The last thing we must do to be filled with the Holy Spirit is to expect that the Holy Spirit will fill us and expect great things. Expect that the Holy Spirit can and will do amazing things in you.
The Spirit is vital for us. It is through the Spirit that Jesus teaching and work is continued for us. And the Spirit is what always makes Jesus’ work current. It is the Spirit that takes the 2,000 year old Jewish carpenter and makes Him applicable to new and unprecedented situations.
Let me end with a warning. While many people don’t connect with the Spirit because they simply don’t know to ask . . . many others don’t fill up with the Spirit because they are too scared. The Holy Spirit is not something to mess around with. A Spirit-filled life will take you down paths that you never expected. If as John says earlier in his Gospel, the Spirit is like the wind that “blows where it wills” (John 3:8), we must expect and be open to the working of the Spirit in unexpected and often unwanted places. You will be convicted of sins that you would prefer to hide. You will be asked to do things that require sacrifice. You will be called to a life much larger than you thought possible.

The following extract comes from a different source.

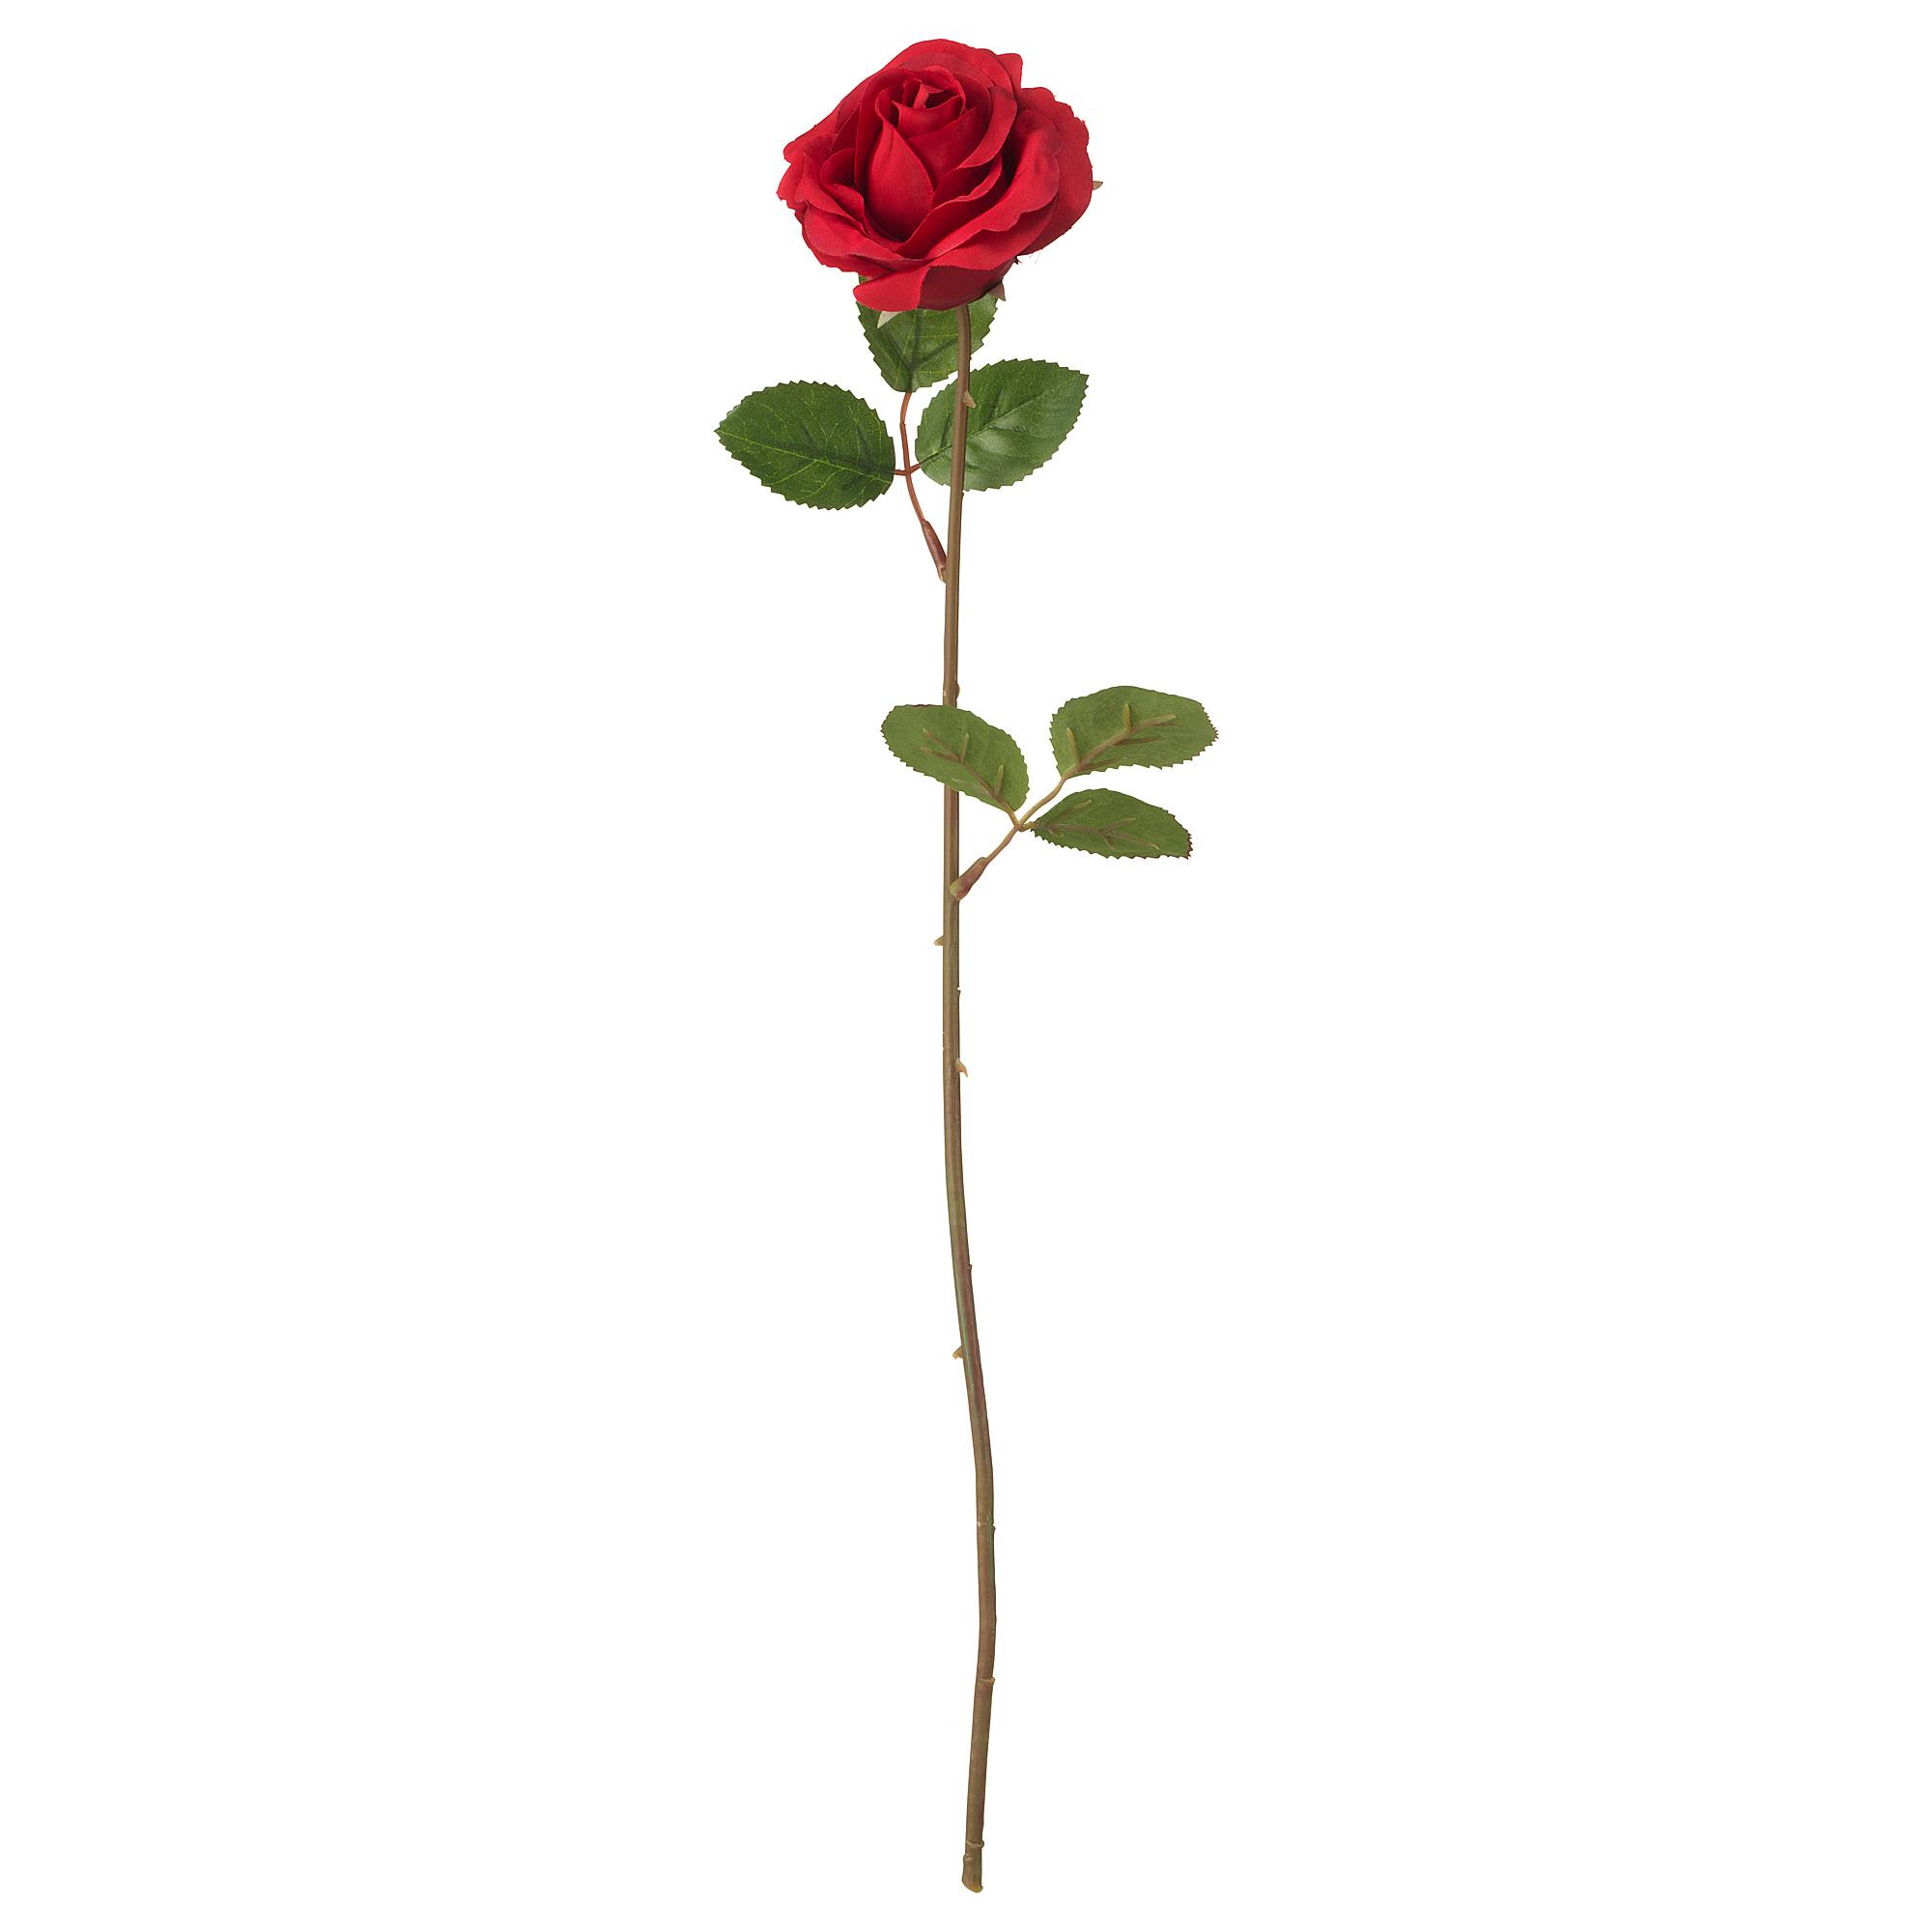 人造花, 迷你玫瑰, , 紅色, 另有玫瑰及其他顏色可選擇
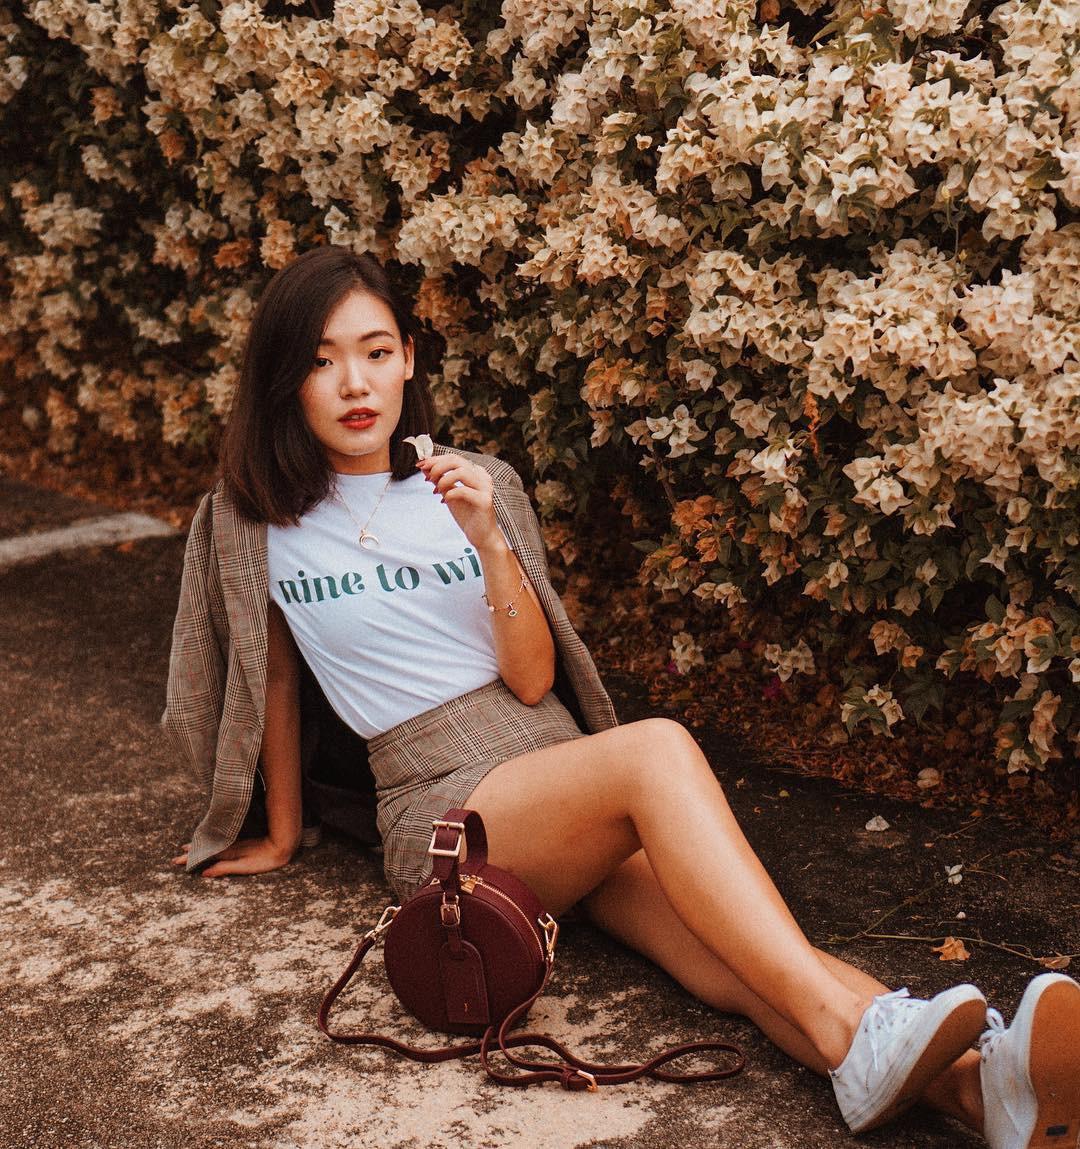 """Trở thành BTV thời trang, cô nàng này đã """"giác ngộ"""" được 3 items nên loại khỏi tủ đồ để sở hữu style chỉn chu và tinh tế - Ảnh 5"""

One of the earliest Christian metaphors that has helped Christians grasp the nature of our relationship with the Holy Spirit is a sailboat. A sailboat cannot move by its own power but must rely on the force of wind, over which neither sailboat nor sailor has control. Still, a sailor can shift the position of the boat by making adjustments so that the sails catch the wind. Free will is like the sailor. Though it is sometimes a struggle, we can choose to hold the boat of our life steady into the wind of the Spirit. Then our efforts are supported and directed by grace. One caution though: Once we have opened our sails to that wind, we need to be prepared to go where the Spirit blows! The Spirit insists on transforming us at every level.
References consulted:
Migliore, Daniel L. Faith Seeking Understanding. Eerdmans Publishing, Grand Rapids, MI, 2004.
Smith, D. Moody. “John 16:5-16.” Interpretation 33, no. 1, January 1979 (58-62).
Tan, Siang-Yang and Douglas Gregg. Disciplines of the Holy Spirit. Zondervan, Grand Rapids, MI, 1997.
Thompson, Marjorie J. Soul Feast. Westminster John Knox Press, Louisville, KY, 1995.